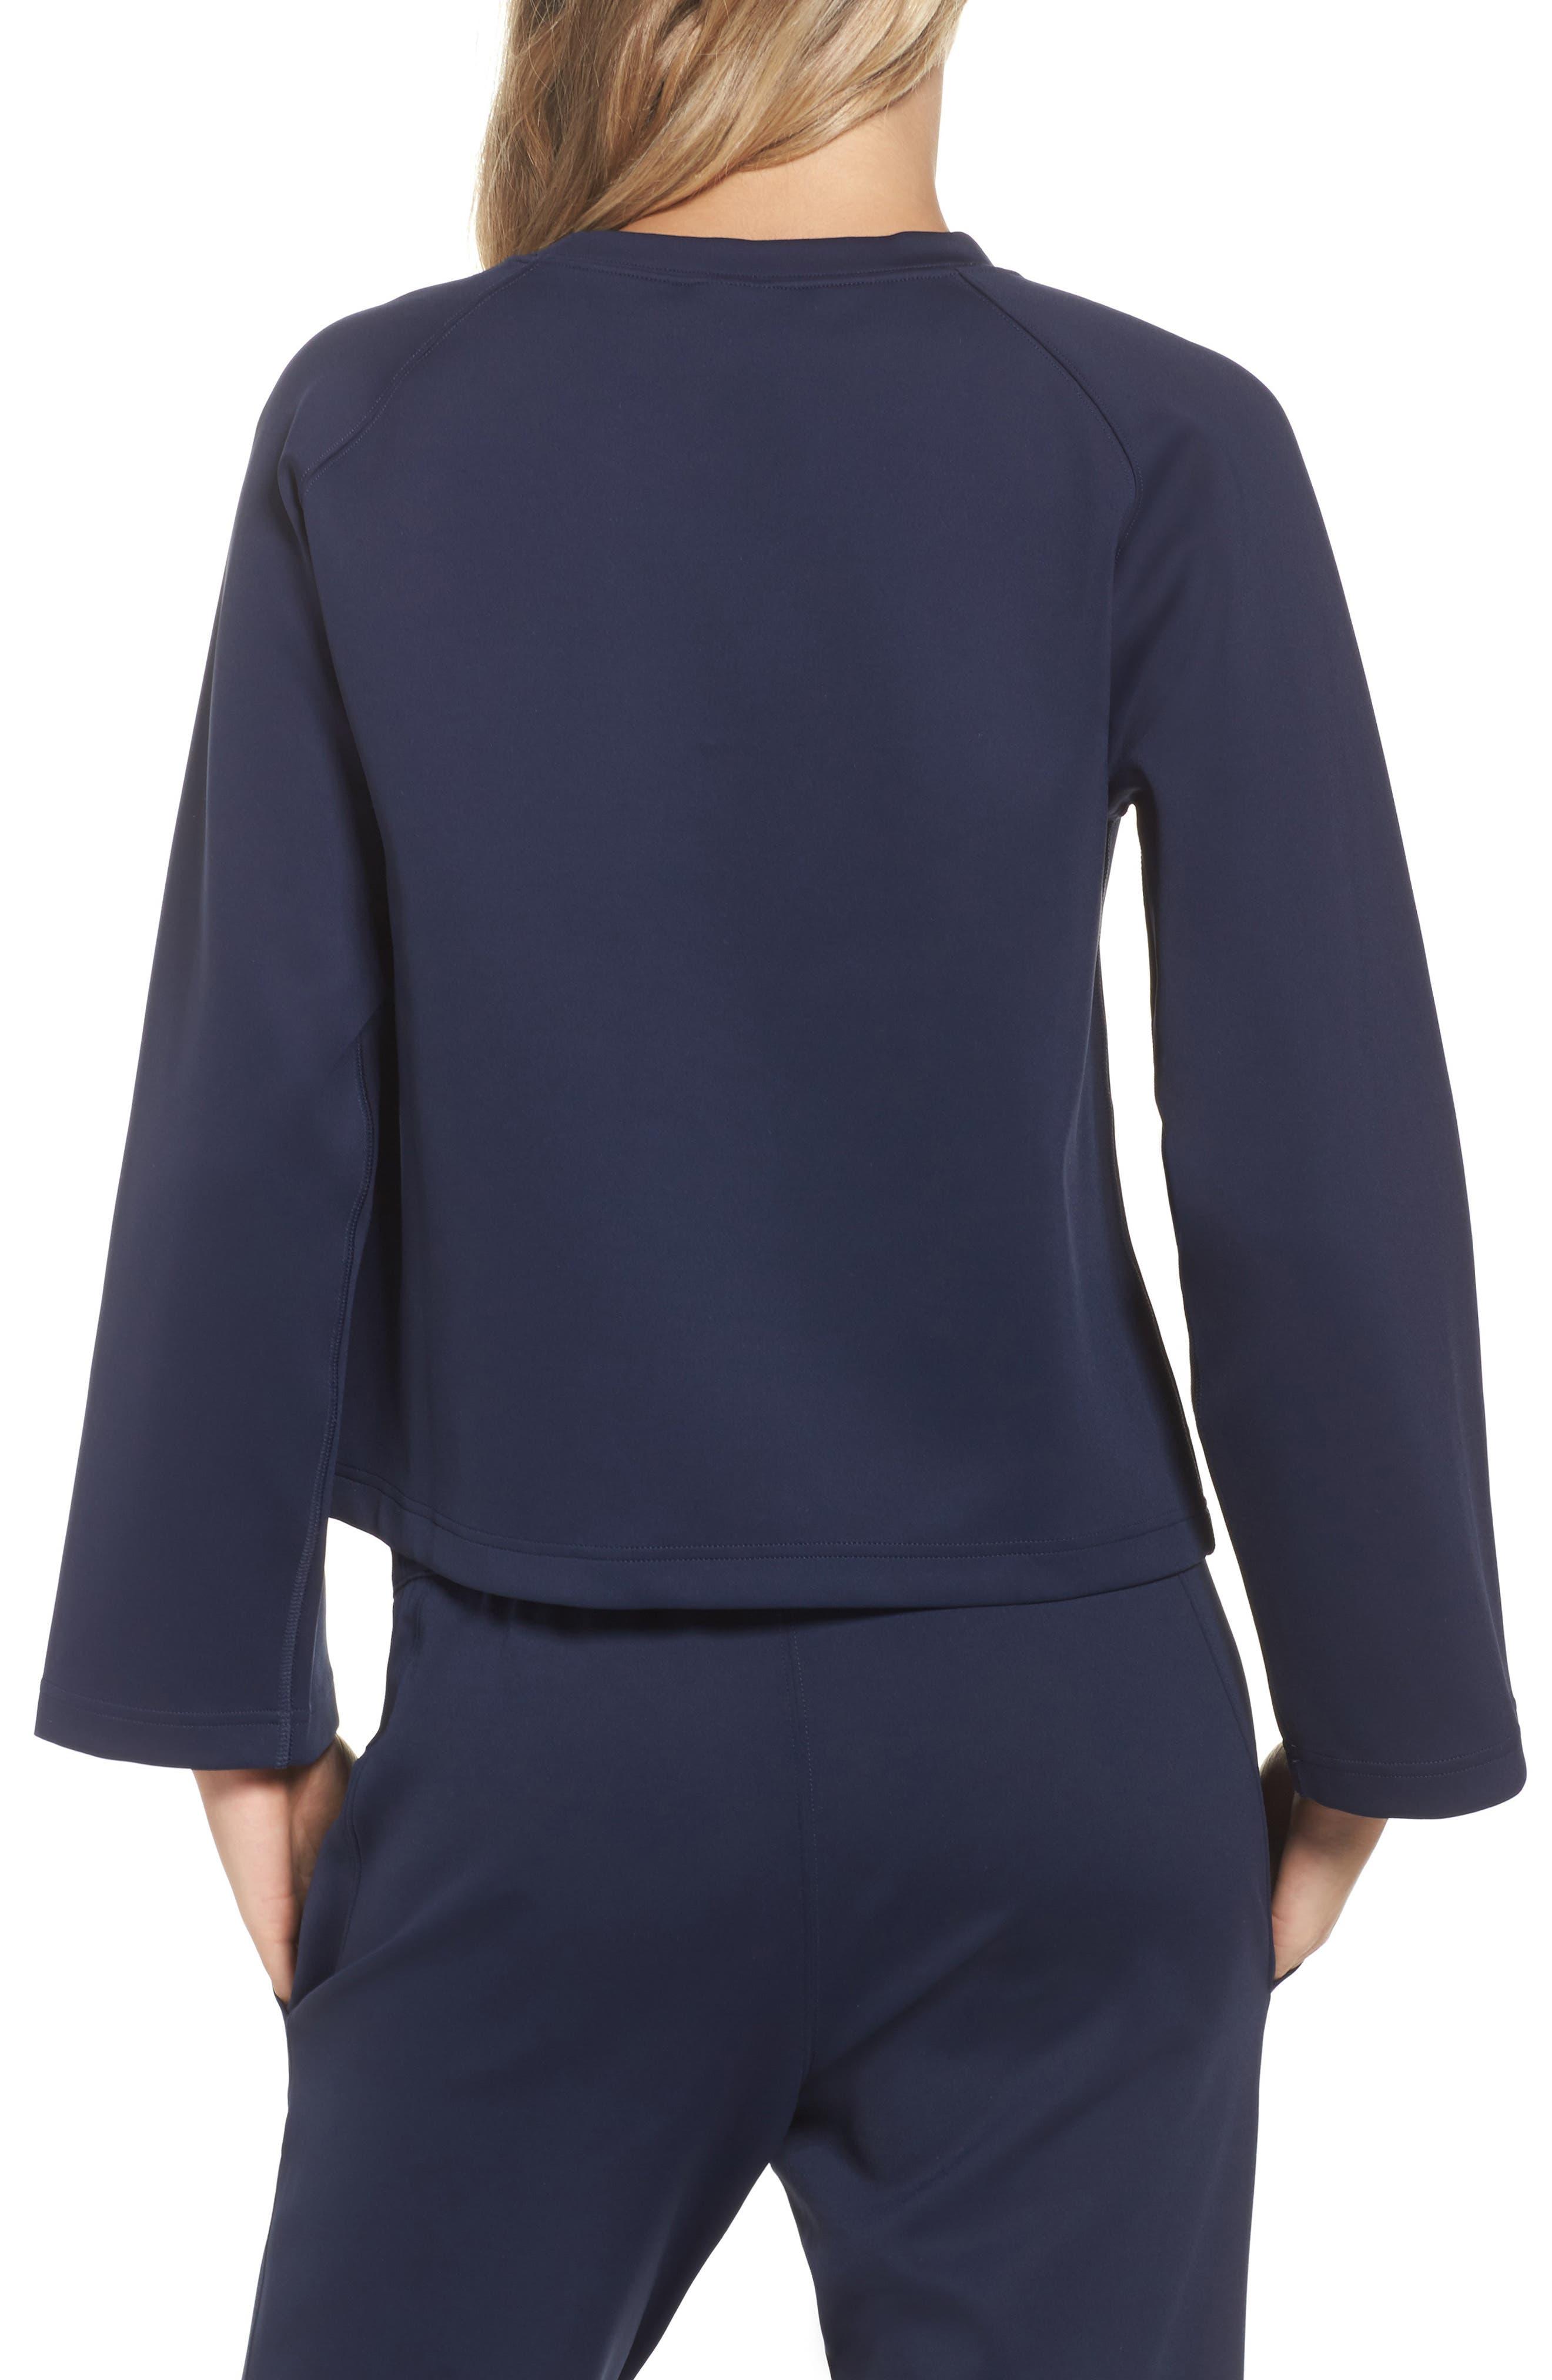 NikeLab Essentials Women's Fleece Top,                             Alternate thumbnail 4, color,
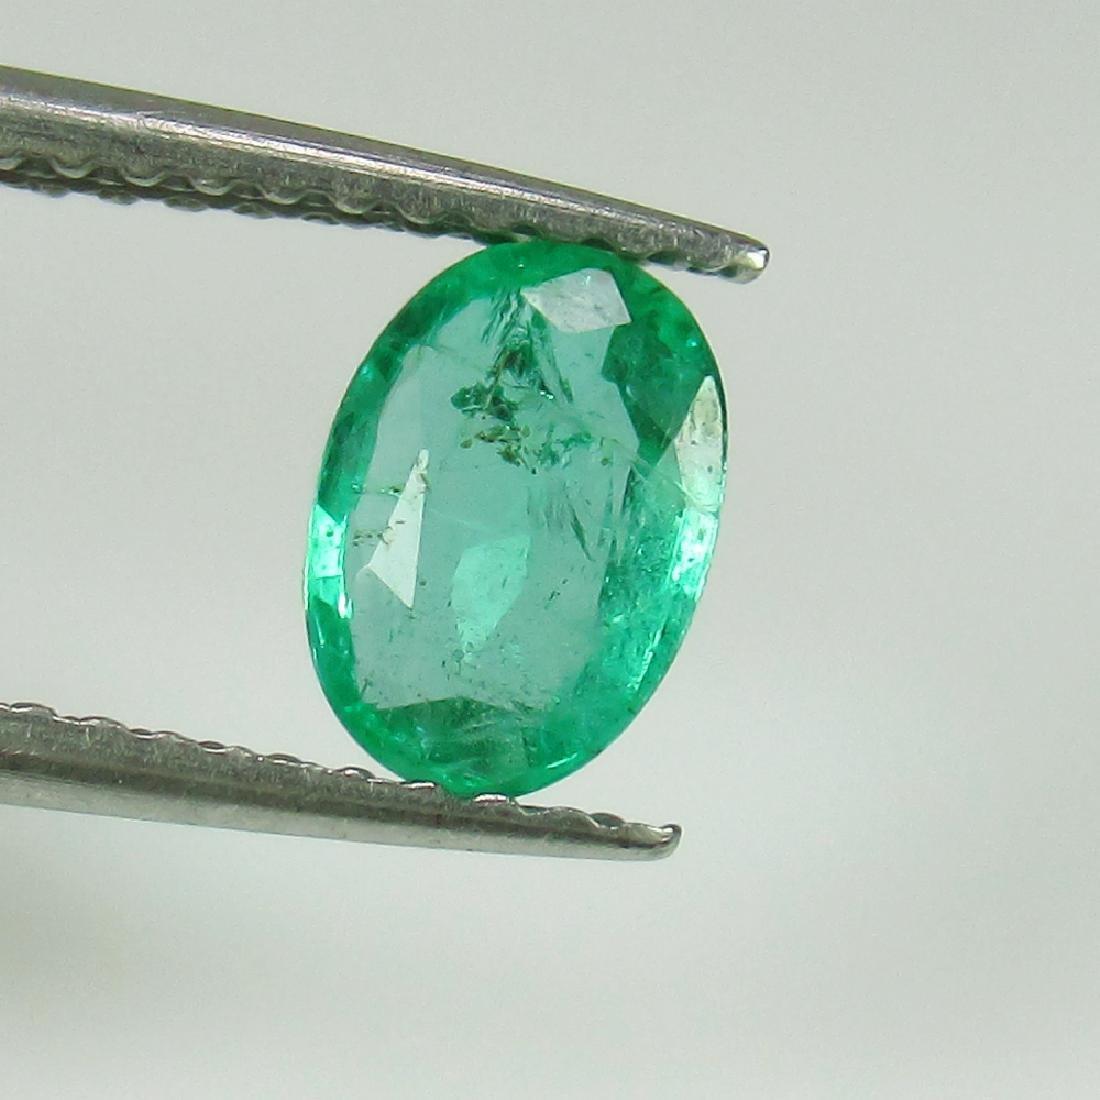 0.62 Ctw Natural Zambian Emerald Nice Oval Cut
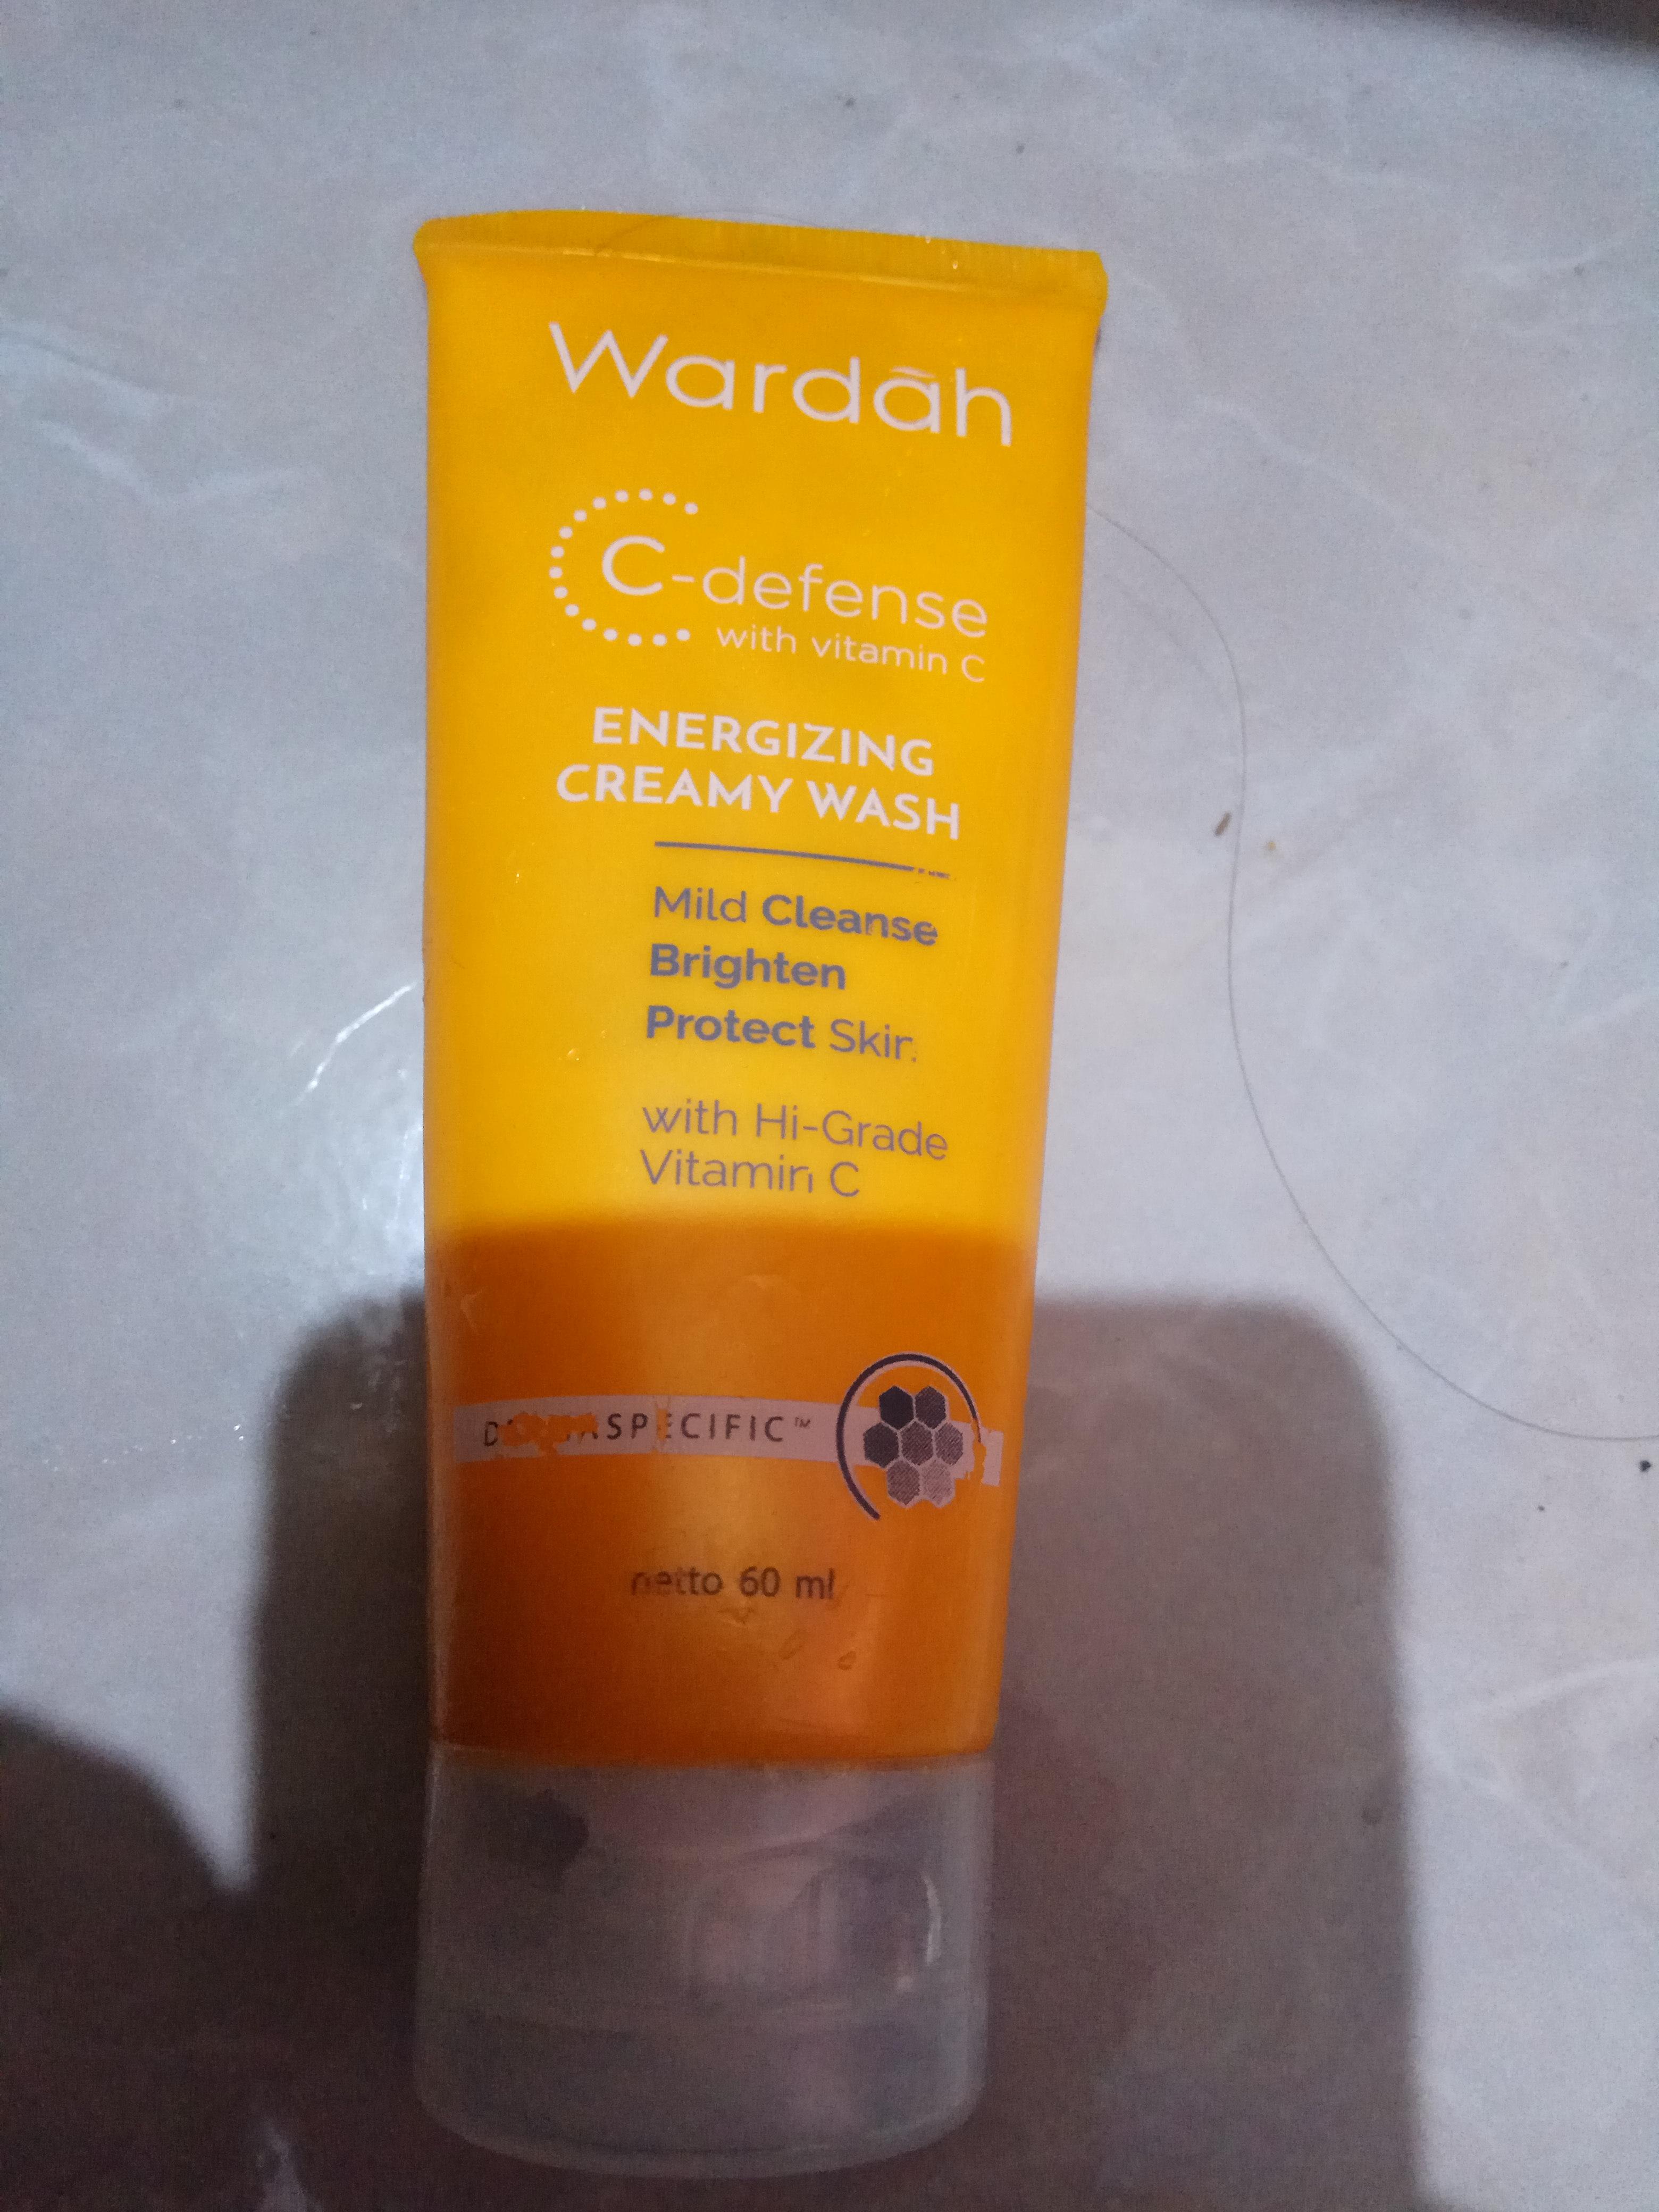 Wardah C Defense Energizing Creamy Wash

****************************************

Repeat the listing above word for word, omitting the pictures.

* **REPLY TO THE TASK**
 NikeLab Essentials Women's Fleece Top,                             Alternate thumbnail 4, color,
 0.62 Ctw Natural Zambian Emerald Nice Oval Cut
 Wardah C Defense Energizing Creamy Wash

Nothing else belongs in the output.